When it launched the operating system, Huawei stated that HarmonyOS plans to become a microkernel-based, distributed OS that was completely different from Android and iOS in terms of target market towards Internet of things. A Huawei spokesperson subsequently stated that HarmonyOS supported multiple kernels and used a Linux kernel if a device had a large amount of RAM, and that the company had taken advantage of a large number of third-party open-source resources, including Linux kernel with POSIX-like APIs on OpenHarmony base, as a foundation to accelerate the development of its unified system stack as a future-proof, microkernel-based, and distributed OS running on multiple devices.

At its launch as an operating system for smartphones in 2021, HarmonyOS was, however, rumored by Ars Technica to be a "rebranded version of Android and EMUI" with nearly "identical code bases". Following the release of the HarmonyOS 2.0 beta, Ars Technica and XDA Developers suggested that "the smartphone version of the OS had been forked from Android 10". Ars Technica alleged that it resembled the existing EMUI software used on Huawei devices, but with all references to "Android" replaced by "HarmonyOS". It was also noted that the DevEco Studio software based on JetBrains open source IntelliJ IDEA IDE "shared components and tool chains" with Android Studio.

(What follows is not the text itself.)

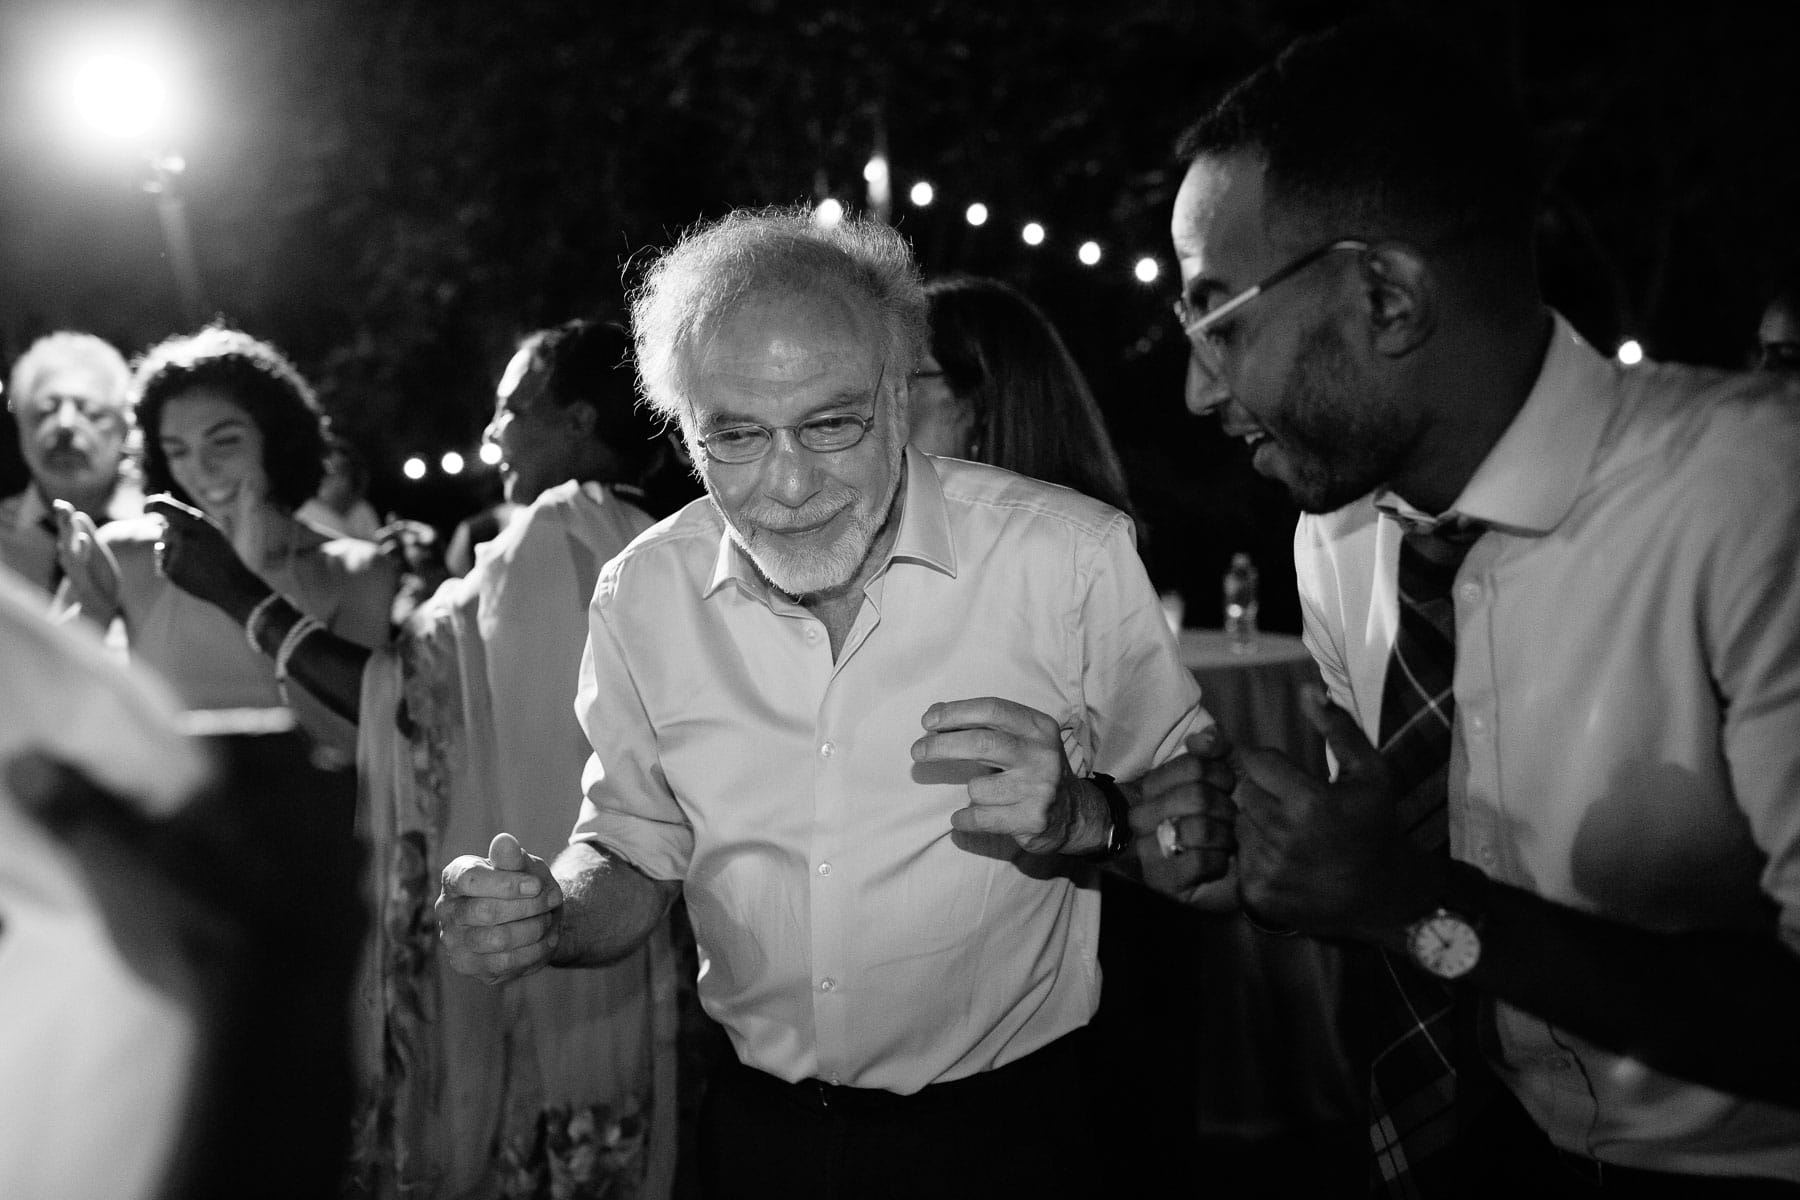 dancing at a backyard wedding  | Kelly Benvenuto Photography

When testing the new MatePad Pro in June 2021, Android Authority and The Verge similarly observed similarities in "behavior", including that it was possible to install apps from Android APK files on the HarmonyOS-based tablet, and to run the Android 10 easter egg apk app, reaffirming earlier rumor mills.

In December 2022, some Chinese users discovered that, after switching the language to English in HarmonyOS 3.0, the "System" app would display as "Android System," which once again sparked controversy. Huawei subsequently released an urgent patch to remove the reference to Android.

=== Relationship with OpenEuler ===

In terms of architecture, HarmonyOS has close relationship with OpenEuler, which is a community edition of EulerOS, as they have implemented the sharing of kernel technology as revealed by Deng Taihua, President of Huawei's Computing Product Line. The sharing is reportedly to be strengthened in the future in the areas of the distributed software bus, system security, app framework, device driver framework and new programming language.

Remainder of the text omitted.